Lotus Esprit Efsanesi Karbon ve 400 Beygirle Geri Döndü
İngiliz butik üretici Encor, yeni Series 1 coupé modelinin üzerindeki örtüyü kaldırdı. Otomobil, ilk nesil Lotus Esprit’i yeniden hayal ediyor ama bu kez çok daha keskin bir bakış açısıyla yaklaşıyor. Tarihi silüet korunurken, mühendislik cesurca yeni bir çağa adım atıyor. Sonuç, garajında nostaljik bir otomotiv sanat eserine yer açmak isteyen herkese açık bir davet gibi. Fiyatlar 430 bin sterlinden (yaklaşık 500 bin euro) başlıyor ve alıcıların ayrıca bir bağışçı otomobil getirmesi gerekiyor.
Series 1’in temeli, 1996 model Lotus Esprit V8’e dayanıyor; bu versiyon, modelin en yaygın hali olarak biliniyor. Şasiyi güçlendirmek için Encor, dönemin en atletik fabrika versiyonu olan Sport 350’den ilham almış. AP Racing frenler, elden geçirilmiş süspansiyon ve hafifletilmiş gövde, sportif niyetini gizlemeyen bir paket oluşturuyor.

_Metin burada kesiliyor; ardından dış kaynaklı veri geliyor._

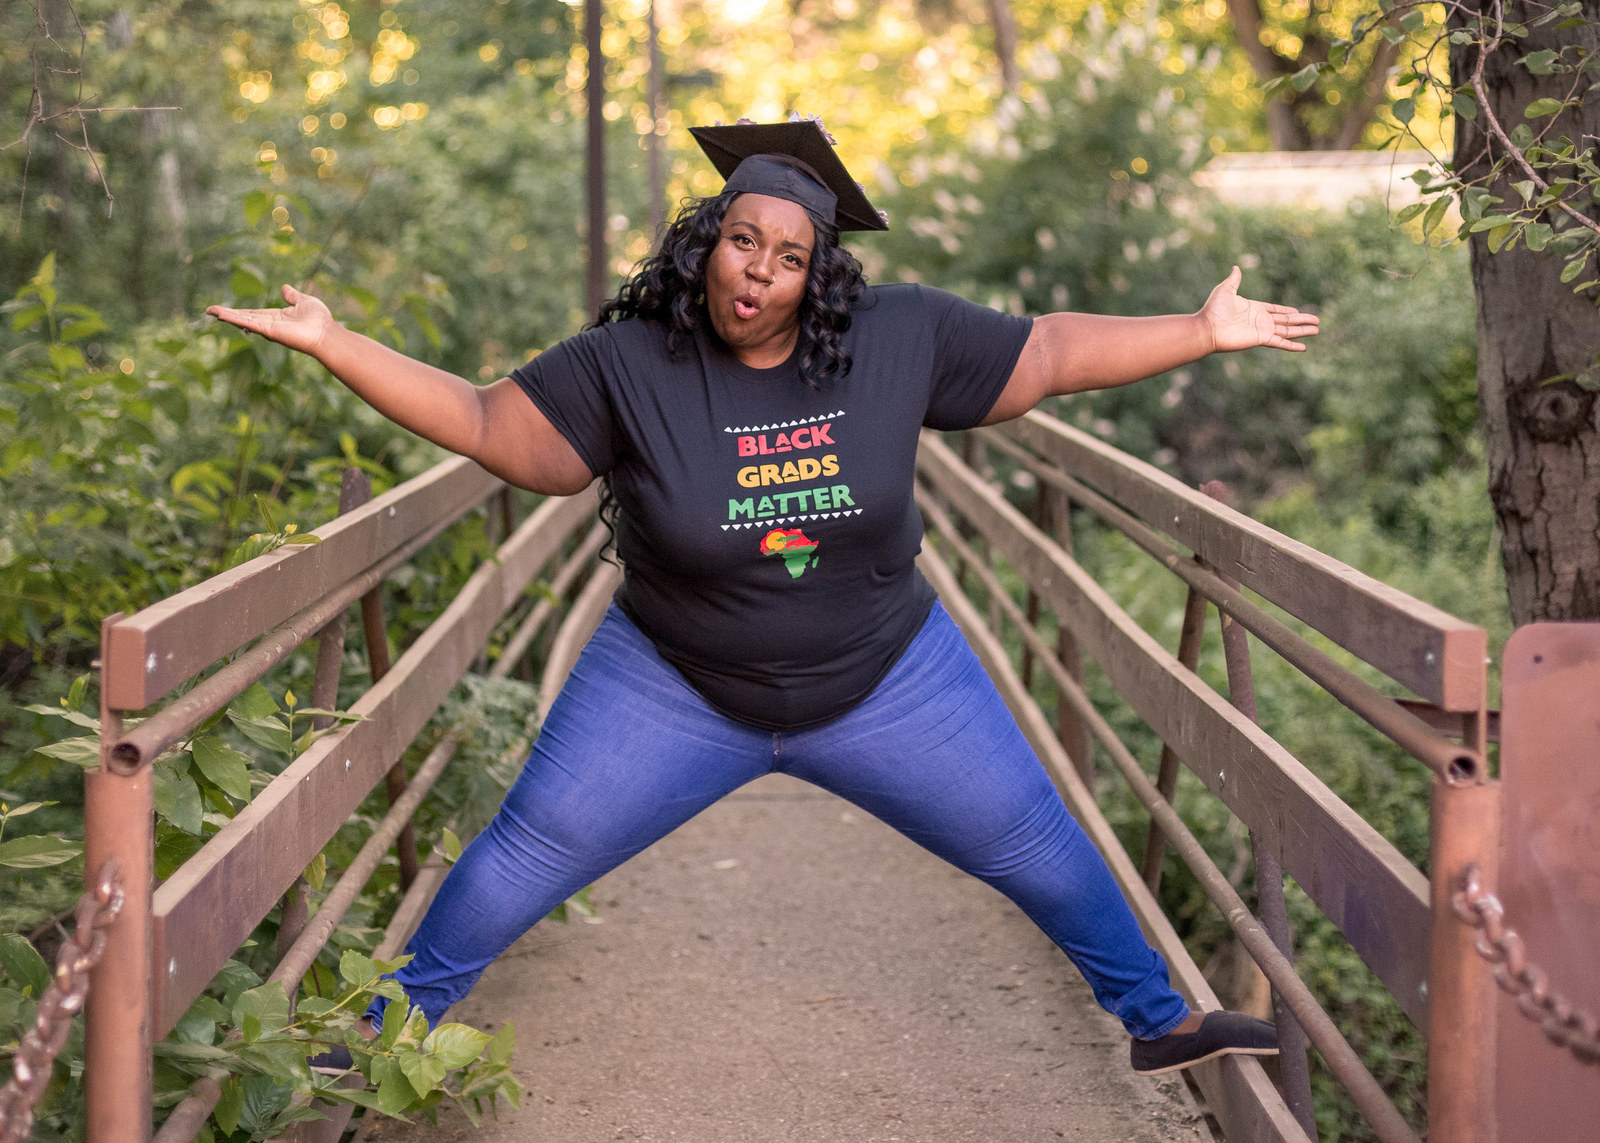 19 Stunning Photos Of Black Graduates Celebrating Their 2018 Graduation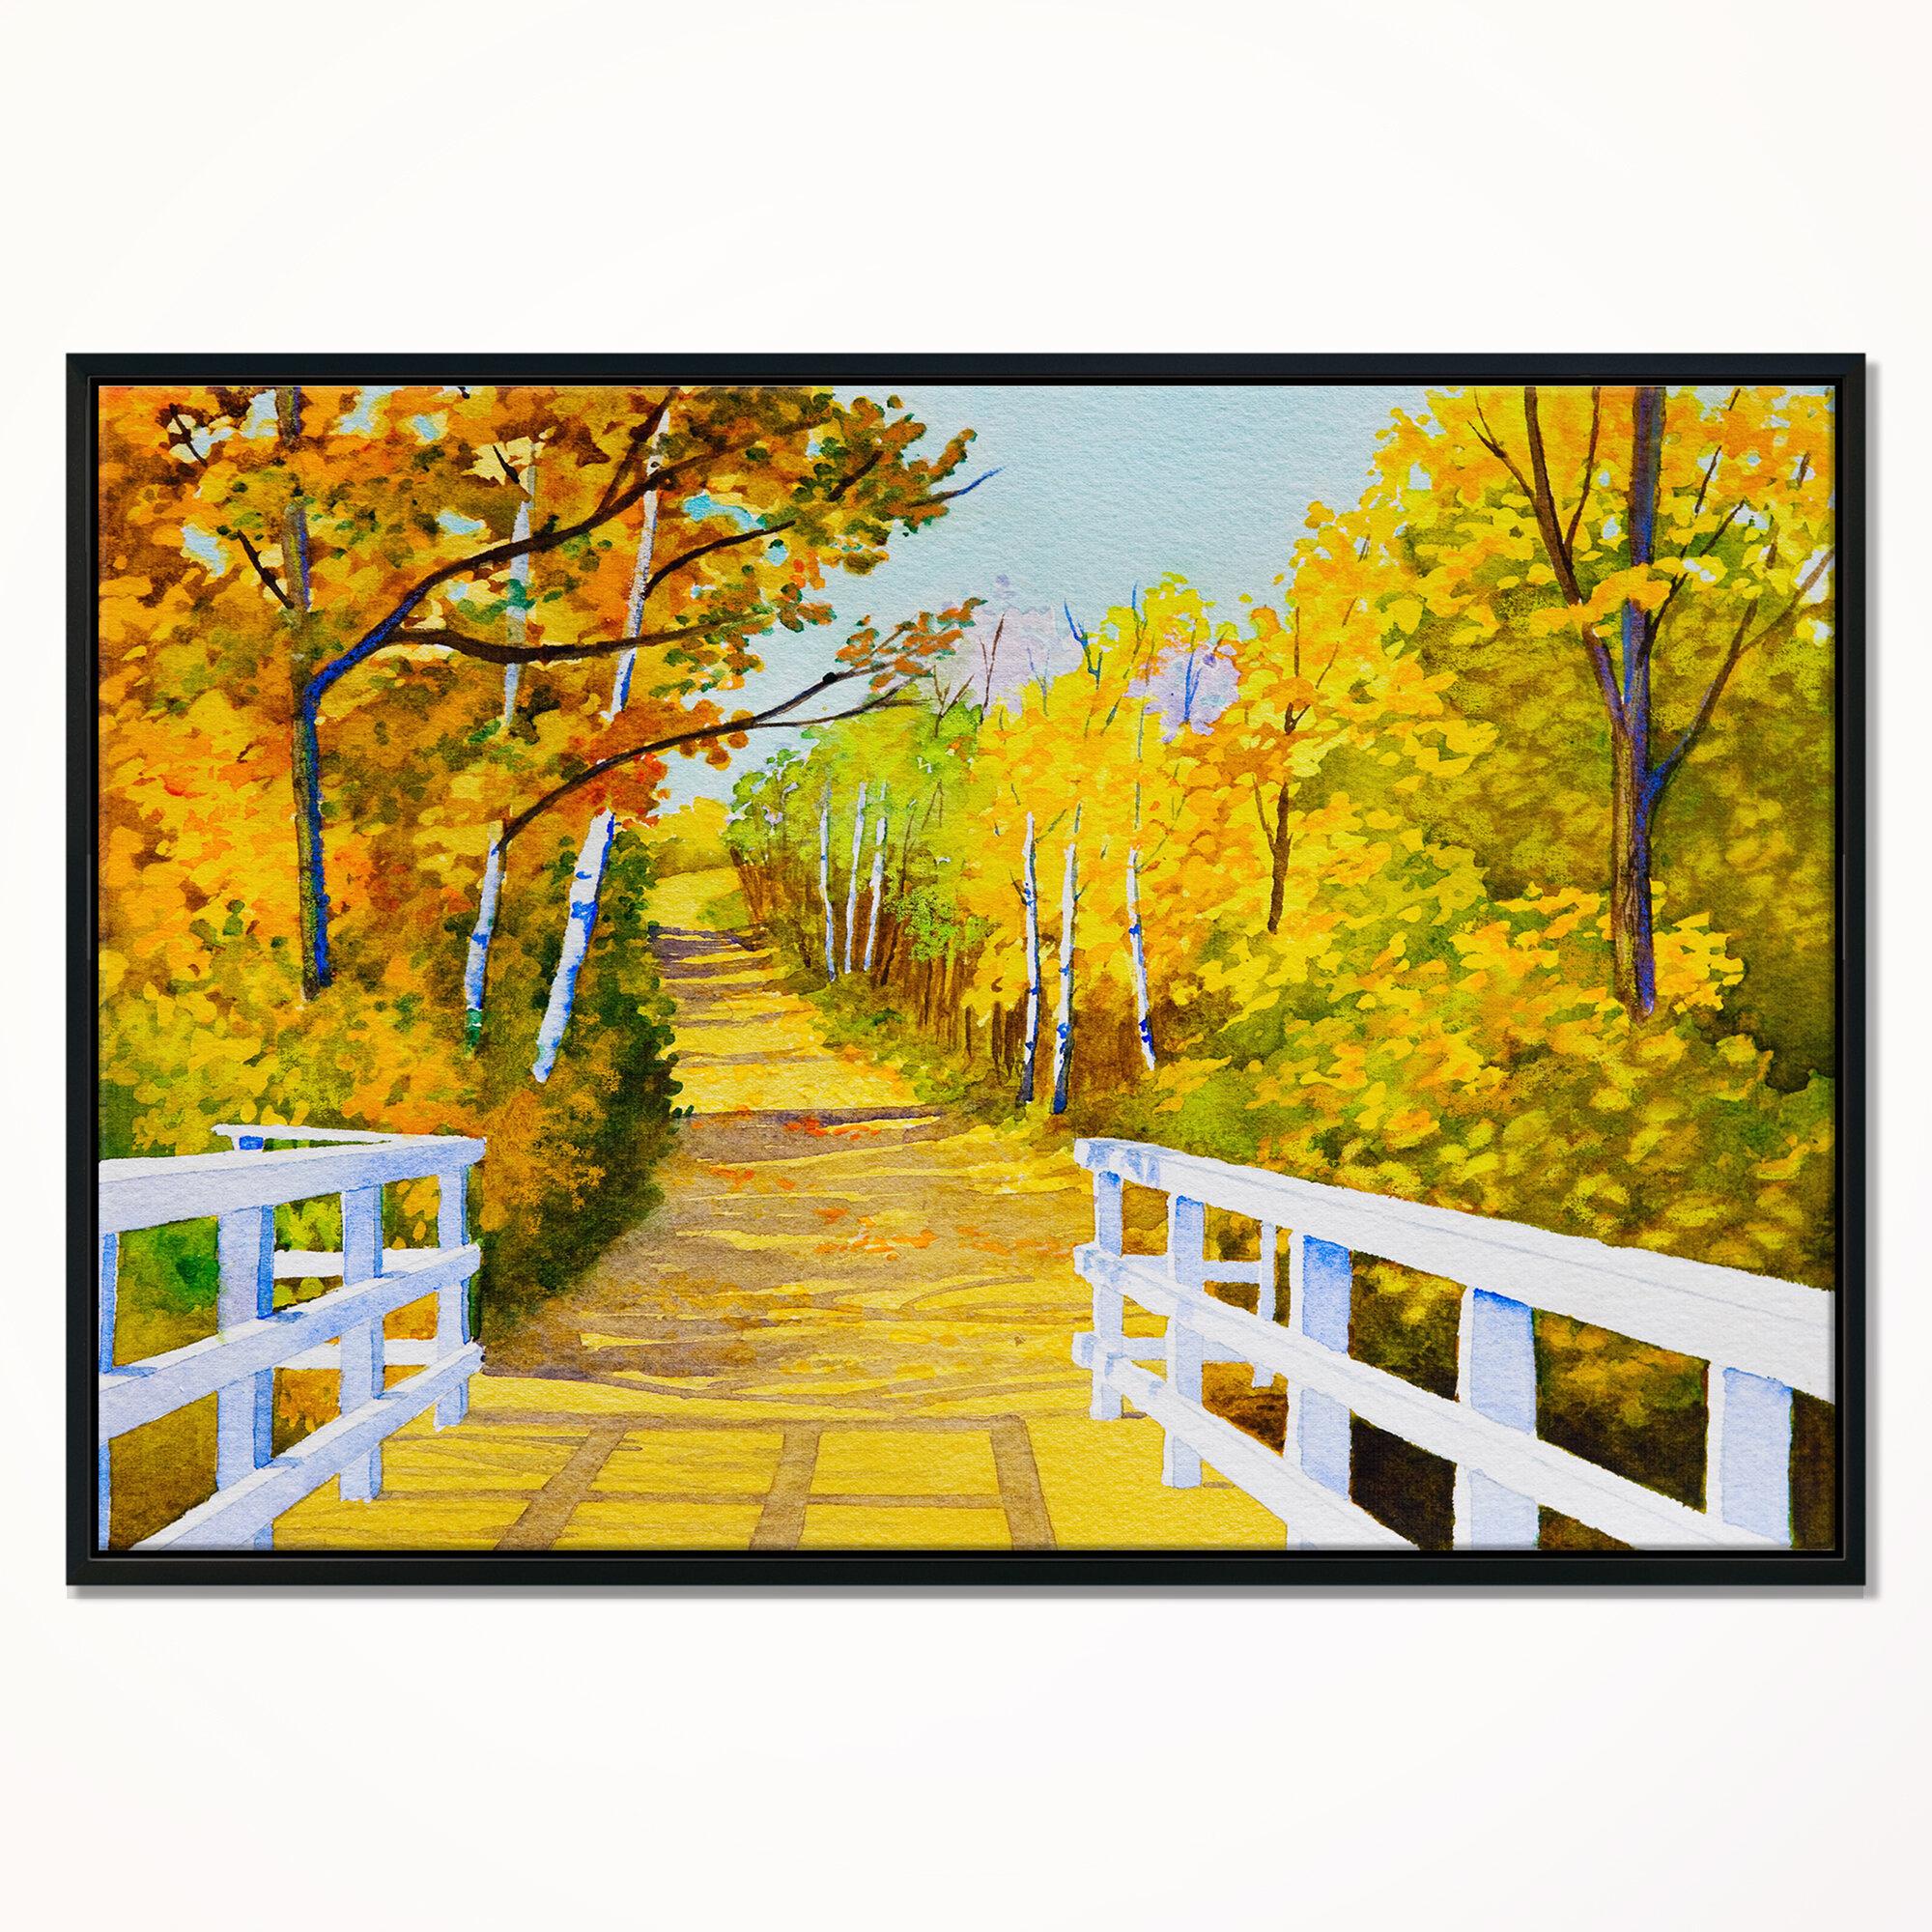 East Urban Home \'Parkland Trails\' Framed Graphic Art Print on ...

Otomobilin kalbinde Lotus’un 3,5 litrelik V8 motoru yer alıyor. Encor, bu motoru yeni emme sistemleri, geliştirilmiş soğutma yönetimi, dövme pistonlar, güncellenmiş turbo besleme ve özel bir egzozla baştan aşağı elden geçirmiş. Güç 400 beygire, tork ise 478 newton metreye yükselmiş. Motor, Quaife beş ileri şanzıman, çift kavrama sistemi ve sınırlı kaydırmalı diferansiyelle eşleştirilmiş.
Orijinal Esprit V8’in yumuşak hatları, 1975 modelin estetiğini anımsatan daha keskin, kama biçimli formlara bırakmış. Tüm paneller karbon fiberden üretilmiş ve bu sayede ağırlık yaklaşık 1,2 tona kadar düşürülmüş. Kağıt üzerinde bu, 0–100 km/s hızlanmasını dört saniyede ve azami hızı yaklaşık 280 km/s’ye çıkarıyor; bu da dönemin V8’inden bir tık daha hızlı.
Korumaya alınan farlar ise başlı başına bir hikaye anlatıyor. Onlar, spor otomobillerin kalemle ve mühendislik cesaretiyle şekillenen bilim kurgu kamalarına benzediği bir çağı hatırlatıyor. Artık modern LED ünitelerle aydınlatma sağlanıyor; klasik görünüm korunurken günümüz parlaklığı da sunuluyor.
İç mekanda Esprit’in tanıdık mimarisi korunmuş. Karbon fiber bolca kullanılmış, yeni döşemeler ise taklit etmek yerine nostaljiyi fısıldıyor. Dijital gösterge paneli, sürücünün önünde alüminyum bir çerçeveye yerleştirilmiş. Ortada ise büyük bir multimedya ekranı yer alıyor. Tüm bu unsurlar, geçmişe saygı duyan ve zamansız bir hikaye anlatan bir kabin yaratıyor.
Encor, sadece 50 adet üretmeyi planlıyor ve ilk teslimatlar 2026’da başlayacak. Bu tür projeler, klasik spor otomobillerin nasıl yeniden hayat bulduğunu gösteriyor. Rakipler de geleneksel tasarımı güncel teknolojiyle harmanlamanın yollarını arıyor. Encor ise daha radikal bir yol seçip küçük bir markanın cesaretini gösteren bir versiyon sunuyor. Restomod pazarı büyümeye devam ediyor ve her yeni yorum, nostaljik stil ile modern performans arasındaki sessiz yarışta kendine yer buluyor.
Series 1, bir efsanenin yeniden doğabileceğini gösteriyor ve bunu geçmişin ruhunu bile onaylatacak şekilde yapıyor.